Sixth International Conference on Spoken Language Processing
(ICSLP 2000)

Beijing, China
October 16-20, 2000

Quality Improvement of PSOLA Analysis-Synthesis Using Partial Zero-Phase Conversion

Nobuaki Minematsu (1), Seiichi Nakagawa (2)

(1) Graduate School of Engineering, University of Tokyo, Japan
(2)Department of Information and Computer Sciences, Toyohashi University of Technology, Japan

This paper discusses two issues of the quality improvement of F0 modified speech based upon PSOLA analysissynthesis. Previous studies[1][2] pointed out that the location of a window of PSOLA influences the quality of synthesized speech and one of them claimed that the center of a window should be located at a pitch pulse in source waveforms. However, pitch pulse detection sometimes fails due to undesired acoustic events. In this paper, several methods are experimentally examined to reduce pitch pulse detection errors. Even when the detection is done correctly, F0 modified re-synthesized speech sometimes causes "echoes" in the re-arranged waveforms. This is mainly caused by a pitch pulse with small sharpness or by that with two relatively high pulses, not pitch pulses, before and after it. To suppress the echoes with little loss of naturalness, partial zero/-phase conversion is proposed here.
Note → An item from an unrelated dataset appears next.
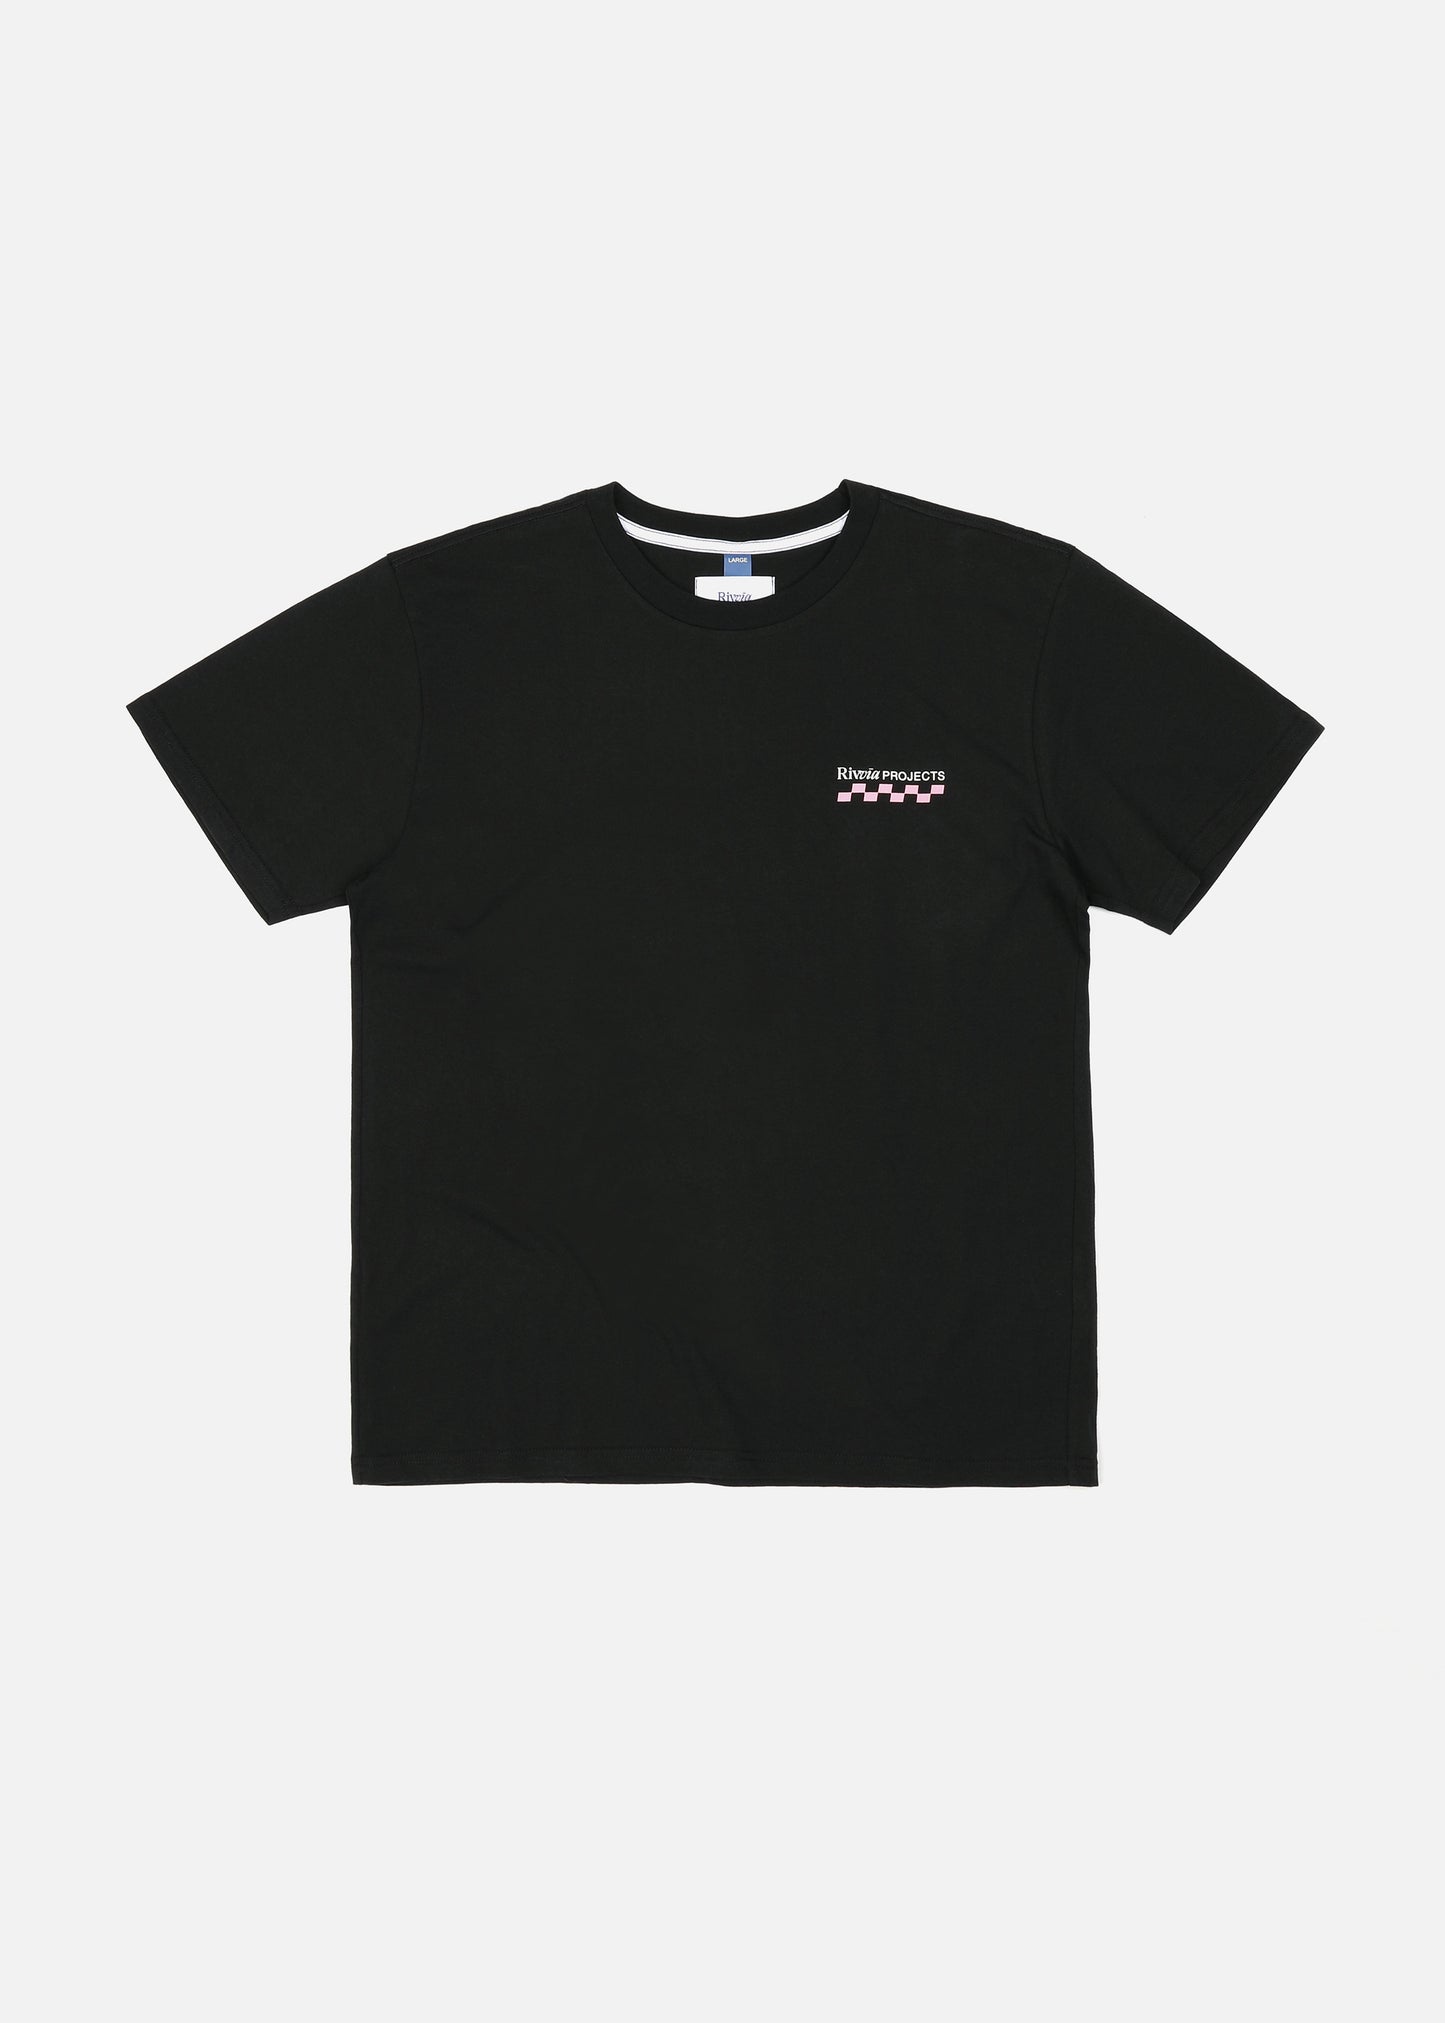 Grand Projects Tee

Experiments show the high validity of the proposed methods in improving the quality of re-synthesized speech.


  1. H. Kawai et al., "A study of a text-to-speech system based on waveform splicing," Technical report of IEICE, SP93-9, pp.49-54 (1993, in Japanese).
  2. Y. Arai et al., "A study on the optimal window position to extract pitch waveforms," Technical report of IEICE, SP95-8, pp.53-59 (1995, in Japanese).